Junk Food In Schools Doesn’t Correlate To Fat

Remember how banning junk food in schools was supposed to make fat kids thin?  Guess what?  No,  it doesn’t.  At least not according to “Competitive Food Sales in Schools and Childhood Obesity: A Longitudinal Study” in Sociology of Education (January).

But of course we should’ve thought it would, right?  It’s not like “Snack food intake does not predict weight change among children and adolescents” was published in International Journal of Obesity in August 2004, right?
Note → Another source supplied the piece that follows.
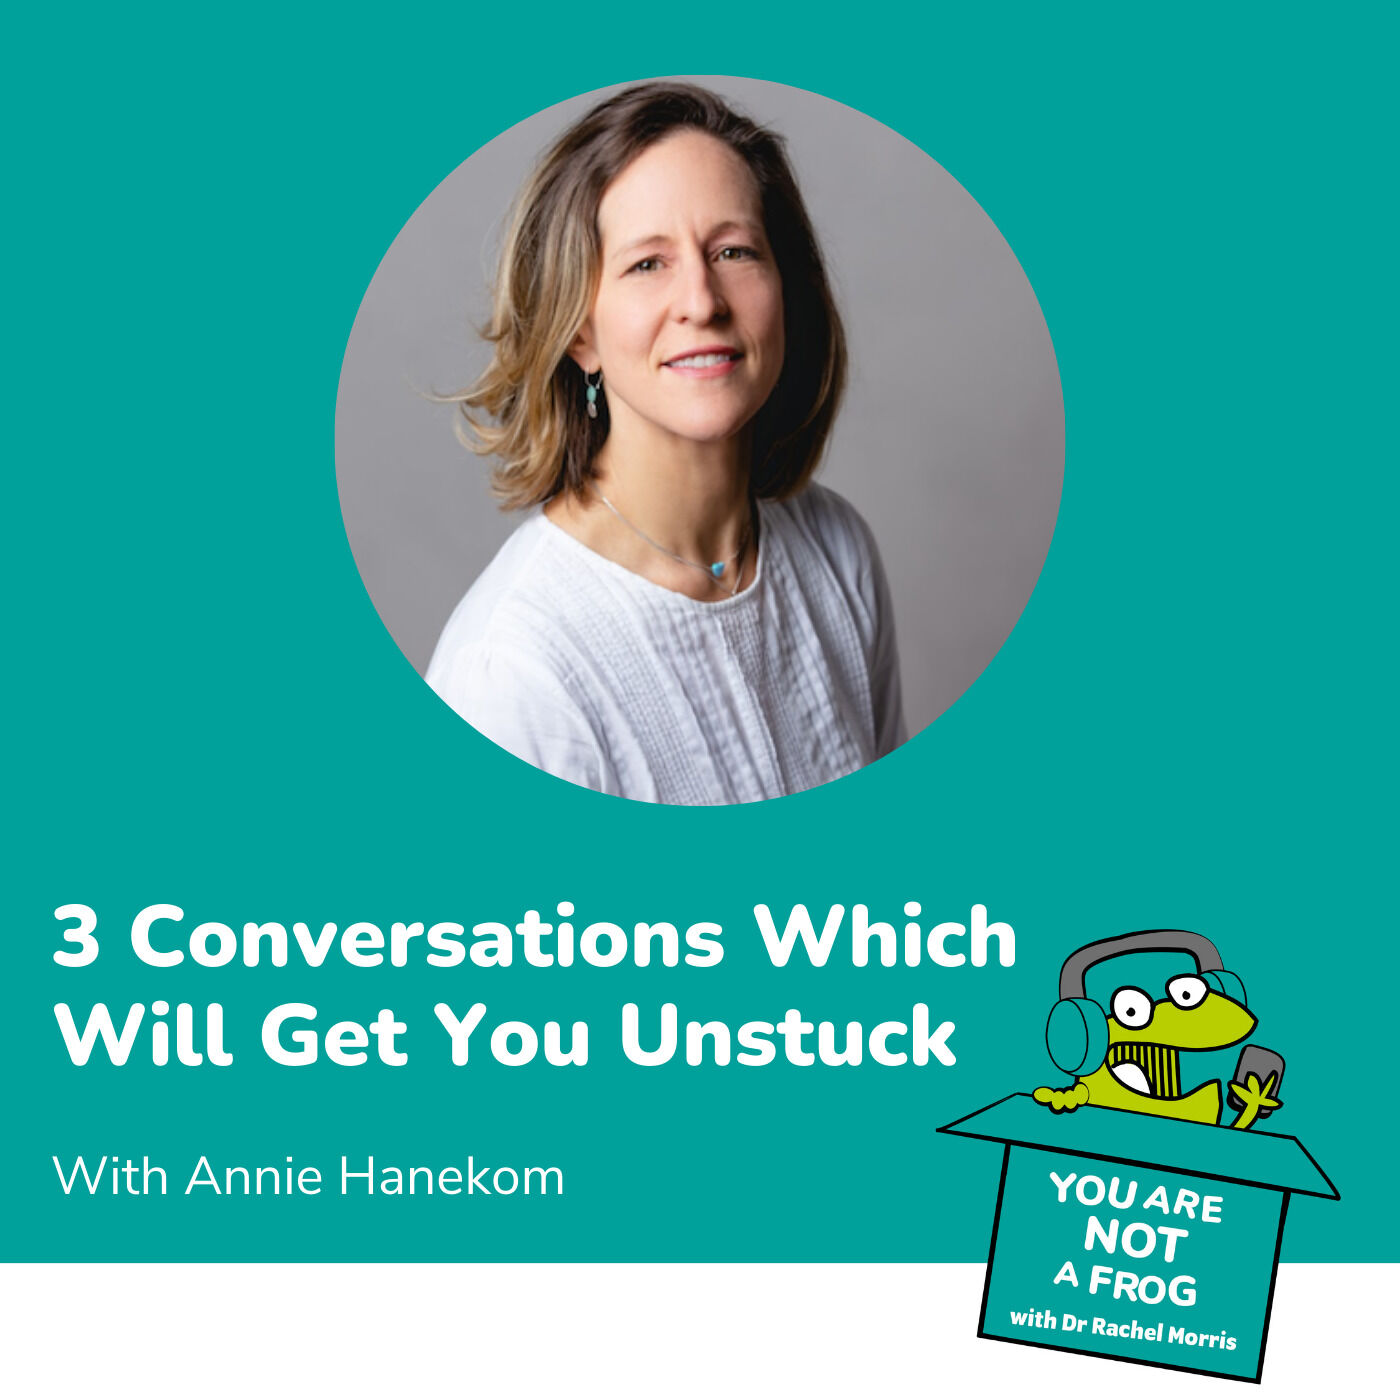 3 Conversations Which Will Get You Unstuck with Annie Hanekom
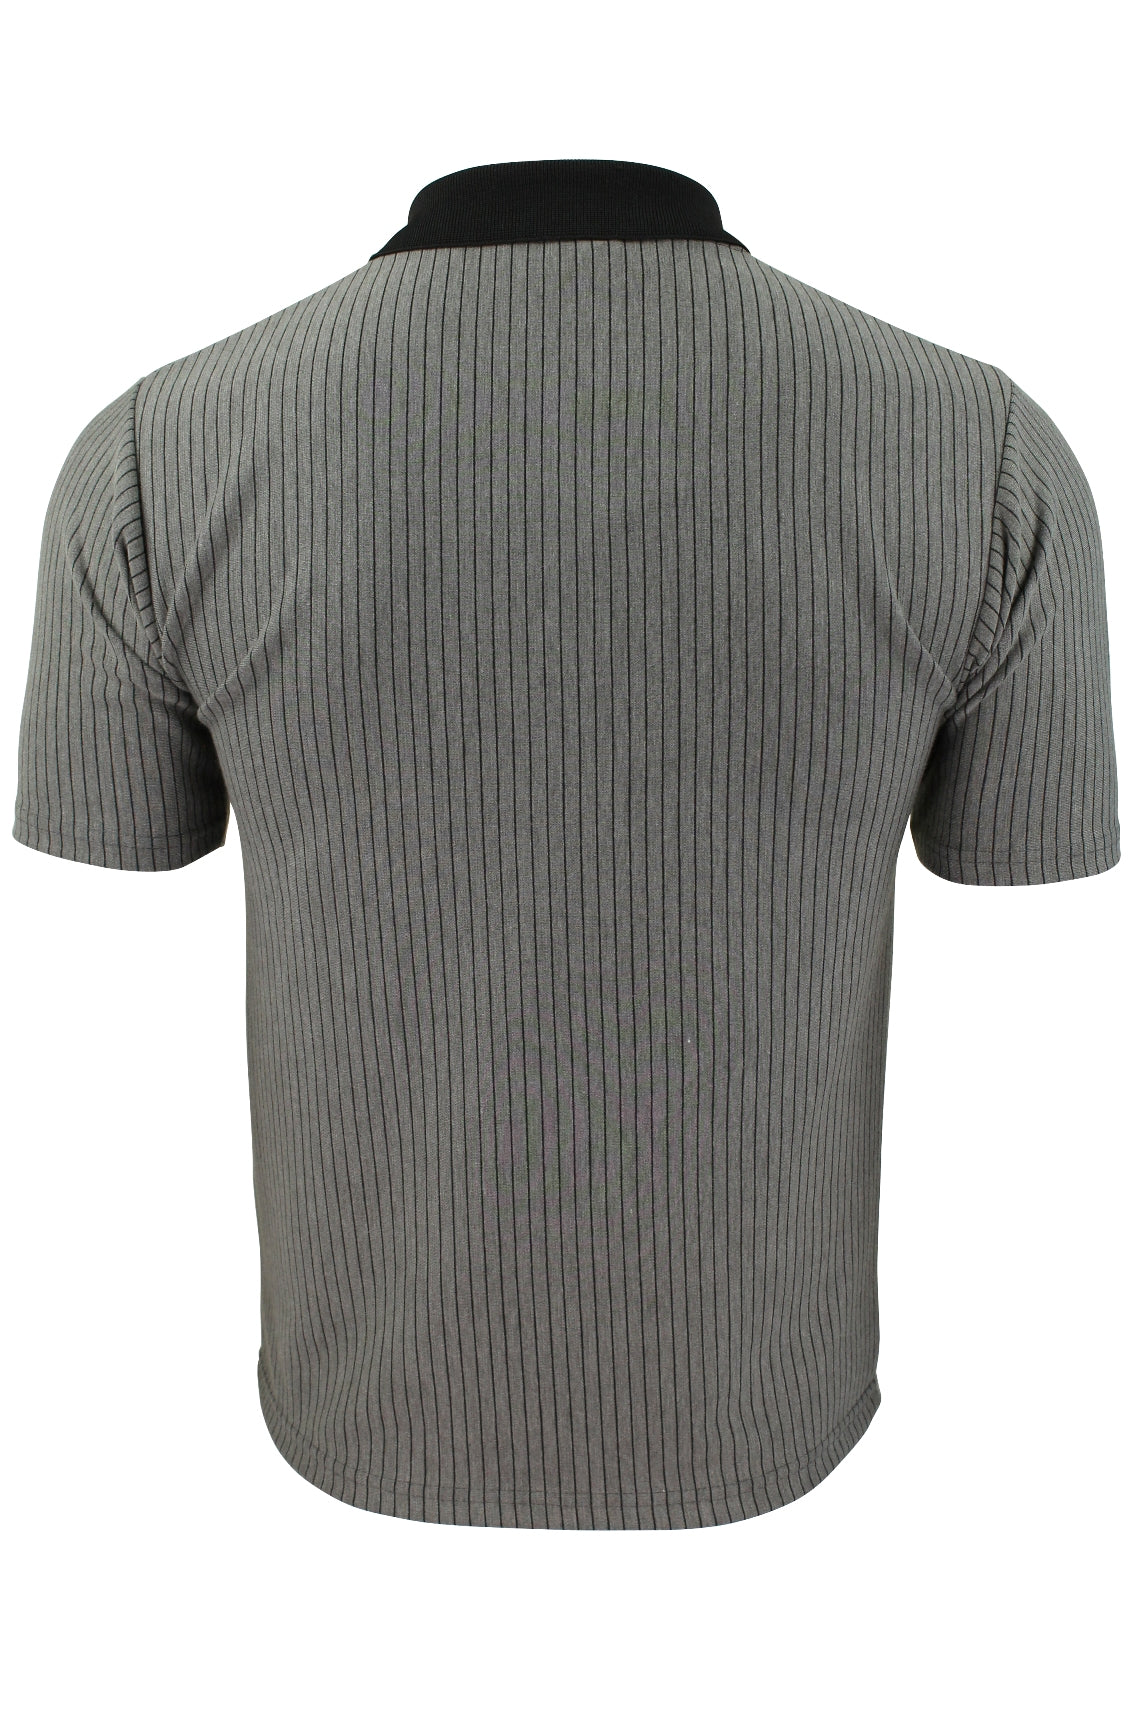 Mens Stripe Polo Shirt by Xact Clothing Short Sleeved, 03, X-03, Grey

And there wasn’t any studies about “energy-dense snack food” not being correlated with weight gain in adolescents either…right?  Wrong.

Once again, America is continuing to do the same thing (that didn’t work) to try to prevent fat kids.  And yet, fat kids exist.  Time to ban fat marriage?

Not News

The website Fark makes fun of news stories that are not, actually, news.

Example:  Students Discover Desks Have More Germs Than Toilets

Why isn’t it news?  Well, it’s a common story that pops up once a year or two, and relies on people not thinking about which is more likely to get janitorial attention.

Today my Google Health section looked a bit like Fark.

First: Paula Deen has diabetes.  Because she’s fat and publishes “unhealthy” recipes, she’s being blamed for “bringing it on herself” with unhealthy food.  Fat people being blamed for their health problems, gee, where have I heard that before.

( Never mind that Ms Deen is 64 and the American Diabetes Association states that the risk of type 2 diabetes goes up with age —  26.9% of people over 65 have it.   Or that the American Diabetes Association states that “Most overweight people never develop type 2 diabetes” and that eating sugar doesn’t cause diabetes.)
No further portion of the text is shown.